Корпократия. Как генеральные директора прибирают к рукам миллионы долларов (Монкс) - страница 70

Хотя страна еще не выбралась из Великой депрессии, конгресс и Рузвельт создали абсолютно новую систему корпоративной ответственности, прямо основанную на положении, что американские акционеры являются не только формальными совладельцами, но и подлинными собственниками предприятий, в которые они инвестировали деньги, что они желают и могут контролировать управляющих этими предприятиями. Казалось, наступает золотой век акционерной демократии. Но не успела она еще толком оформиться, как многочисленные факторы начали работать против нее.

Первым среди этих факторов стала «атомизация» корпоративной собственности. Конец эпохи «баронов-разбойников» и дробление их вертикальноинтегрированных монополий совпали со стремительным ростом располагаемых доходов перед Первой мировой войной, а биржевой бум конца 1920-х годов привлек рекордное количество американцев на фондовый рынок. В 1950-х годах, когда завершался последовавший за Великой депрессией новый долгосрочный бычий тренд, а индекс Dow Jones наконец превысил максимум 1929 года, у каждой из крупных публичных корпораций насчитывались десятки тысяч, даже миллионы владельцев. Хорошая новость — население как никогда активно участвовало в росте корпоративного богатства. Но у инвестиционной лихорадки была и обратная сторона — оказалось, что почти ни у кого из инвесторов нет пакета акций, достаточно большого для того, чтобы оправдать требующий много времени и денег процесс смещения некомпетентного руководства компании. Вместо этого большинство акционеров следовали так называемому «правилу Уоллстрит»: если не согласен с руководством, утрись и продай свои акции. У этого, по сути, разумного поведения была обратная сторона. Со временем акционеры стали относиться к акциям не как к собственности, которую они могут улучшить своим трудом, но как к букмекерским талончикам — вкладывать деньги в General Motors было все равно что ставить на лошадь. Чтобы поставить деньги, нужен был трезвый расчет, но после этого мало кто мог сделать что-то, чтобы лошадь бежала лучше, — и меньше всего сам игрок.

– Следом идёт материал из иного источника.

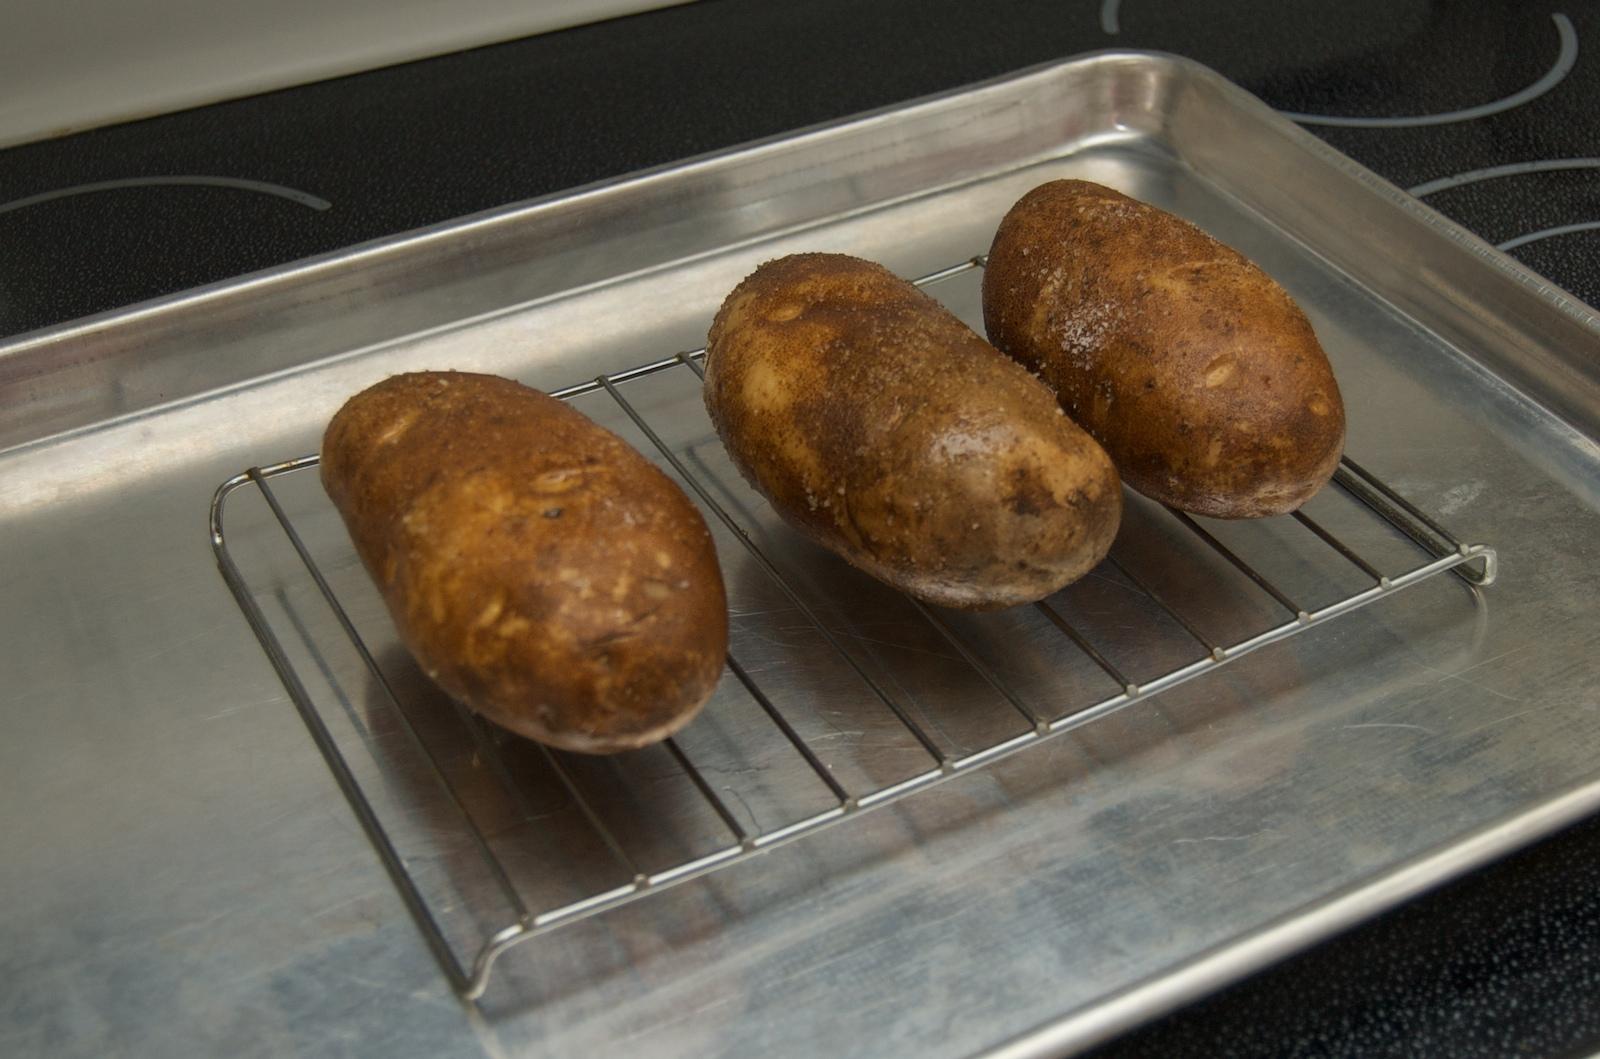 http://blog.rickk.com/food/2009/12/25/baked_potato.jpg

Вместо того чтобы проникнуться хоть каким-то чувством хозяйской сопричастности к делам компаний, которые находились в их коллективном владении, акционеры сознательно самоустранились. Получилось, что конгресс предоставил акционерам возможность требовать отчета от менеджеров в тот самый момент, когда те начали терять к этому всякий интерес.

Все же Нью-Йоркская фондовая биржа долго оставалась союзником акционеров. Так, именно по ее инициативе SEC стала требовать проведения независимого аудита всех компаний, имевших листинг на Бирже, — без этого говорить о честной бухгалтерии было бы смешно. Биржа, кстати, ввела принцип «одна акция — один голос» еще в 1920-х годах, отказываясь регистрировать компании, которые предлагали акции с различными правами голоса. (Попробуйте себе представить демократические выборы, где избиратели с состоянием, превышающим 10 миллионов долларов, получают по 100 избирательных бюллетеней, те, у кого от 5 до 10 миллионов, — по 50, и так далее, по нисходящей… по одному бюллетеню, так и быть, дают тем, у кого за душой ни гроша или одни долги.) То, что у человека, купившего акции на Бирже, должны быть те же права голоса, что и у всех остальных акционеров, было одним из постулатов «народного капитализма». Европейская практика «своих акционеров» с особыми правами голоса в Америке была неприемлема.